For information, I have open The pbf is from geofabrik.de in europe/france/bretagne-latest.osm.pbf in QGIS, not totally, but enough to understand your screenshots : near Lille and Lyon some objects are presents, maybe those we use in navitia (screenshot don't upload)

In our data process, osm.pbf are re-shaped before tyr

For your error, it's difficult without files and context to debug, you have used bretagne.poly from geofabrik?

christopheblin commented 2 years ago

@SGrenet To reproduce the bug,

-> everything works except last ed2nav, the shape of the coverage is still the old one

If you need more details, dont hesitate to ask

christopheblin commented 2 years ago

@SGrenet as a workaround, I "restricted" the pbf before sending it to tyr with osmconvert

osmconvert /data/provence-alpes-cote-d-azur-latest.osm.pbf -b=3.8540346036,42.9868292598,7.8320793509,45.28323205 --out-pbf --statistics > coverage.osm.pbf

I dont upload the poly file and navitia auto-computes a shape that seems correct

I still thinks there is a problem when uploading the poly file after the osm and ntfs

pbougue commented 2 years ago

Hello,

In my memory, Navitia auto-computes a convex envelope from OSM's data, which seemed to be a correct computation from what @SGrenet checked. My memory is also that stops are not used as we regularly add airports from far away but don't want them in the shape. I'm curious of why the bretagne pbf contains data from so far, but it's an issue on OSM's side.

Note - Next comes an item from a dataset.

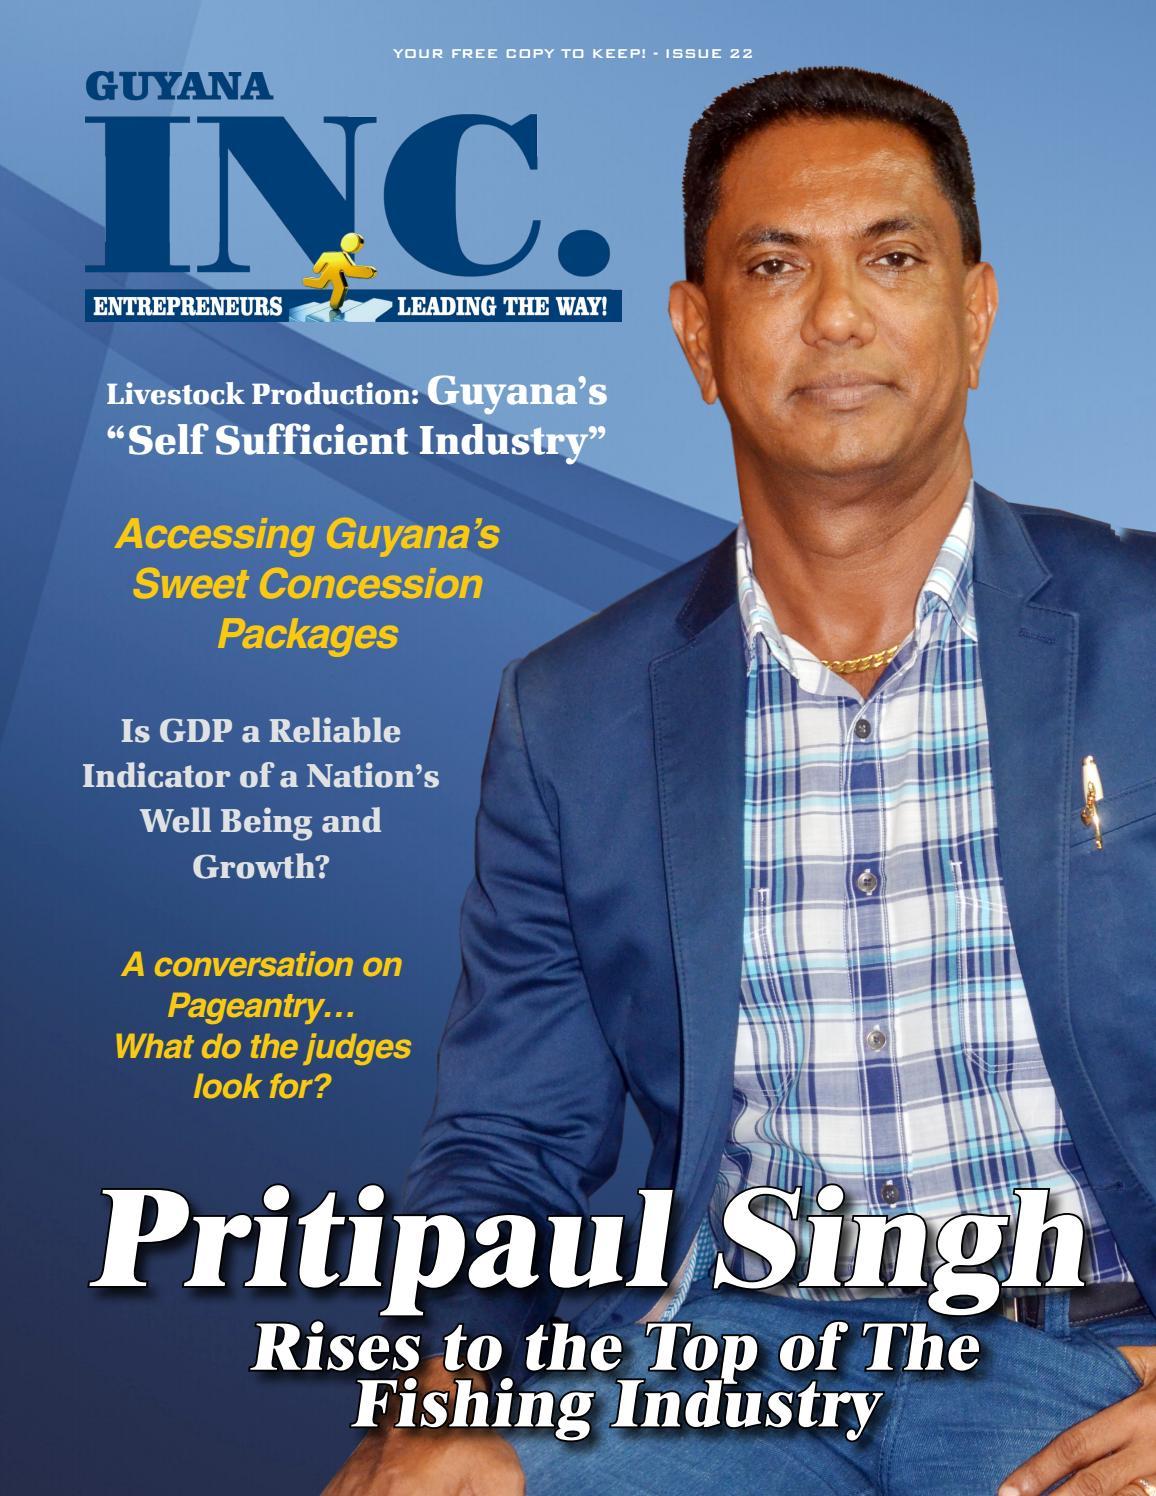 Guyana Inc Magazine Issue 22 by Frank Sanichara - issuu

So auto-computation works as expected, and the only problem you seem to have is the ingestion of poly file, if I understand you correctly.

We tried ingesting the poly file from bretagne on our servers, and it worked, so there doesn't seem to be an issue with that.

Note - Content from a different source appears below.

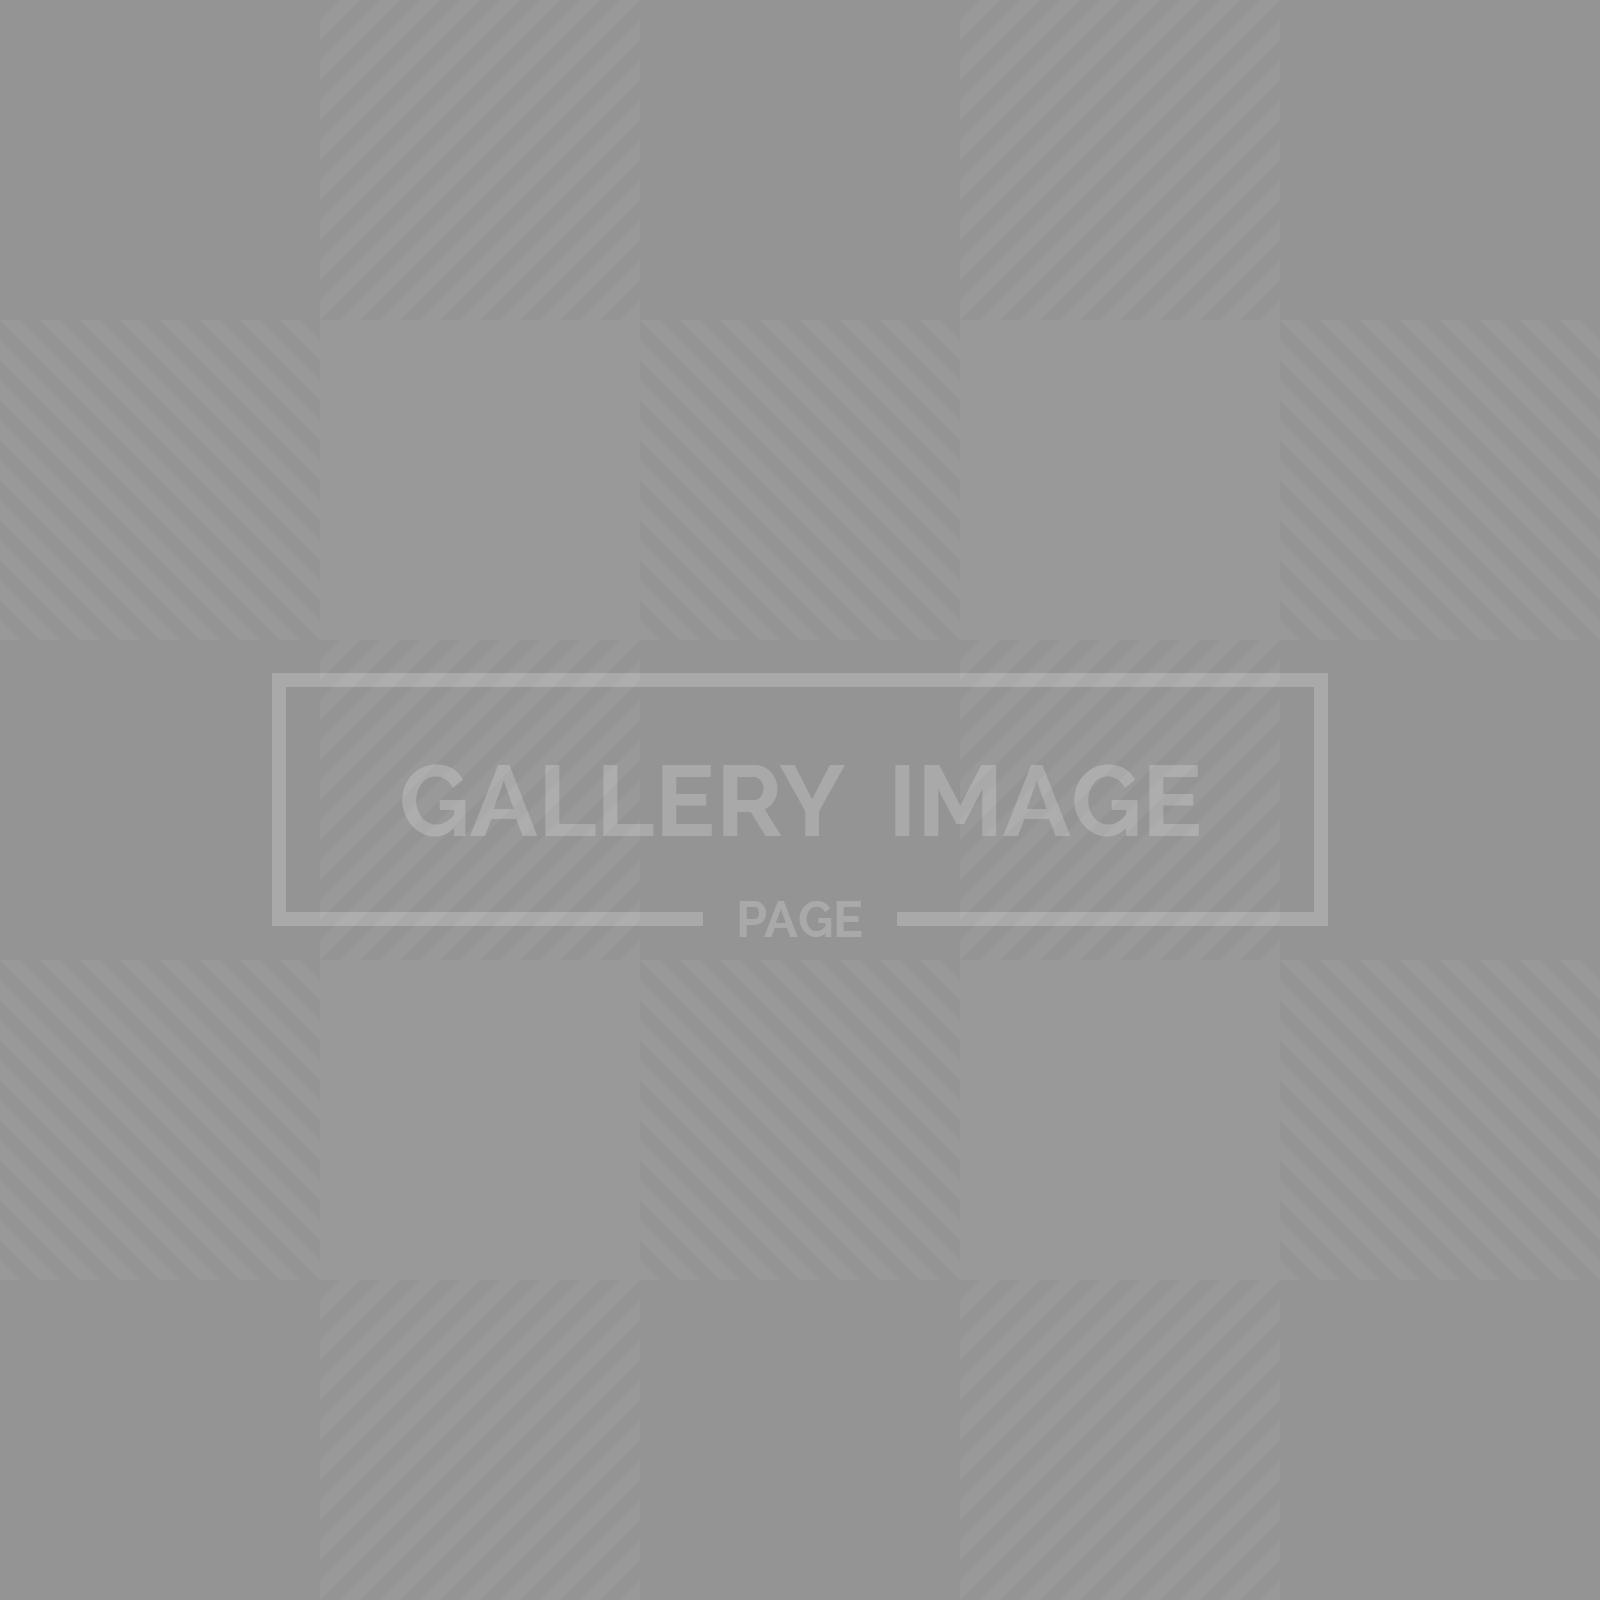 005_gallery

Note: if you restrict osm files a bit abruptly, you might end having issues with incorrect administrative regions, so be careful (shouldn't result in a crash in my memory though). Also, maybe try using a very simple poly file (square) to debug if an issue arises.

I will close the issue as the first question is covered, and it doesn't seem possible to reproduce a bug on our side, but feel free to reopen it with more details and a course of actions from scratch to reproduce it.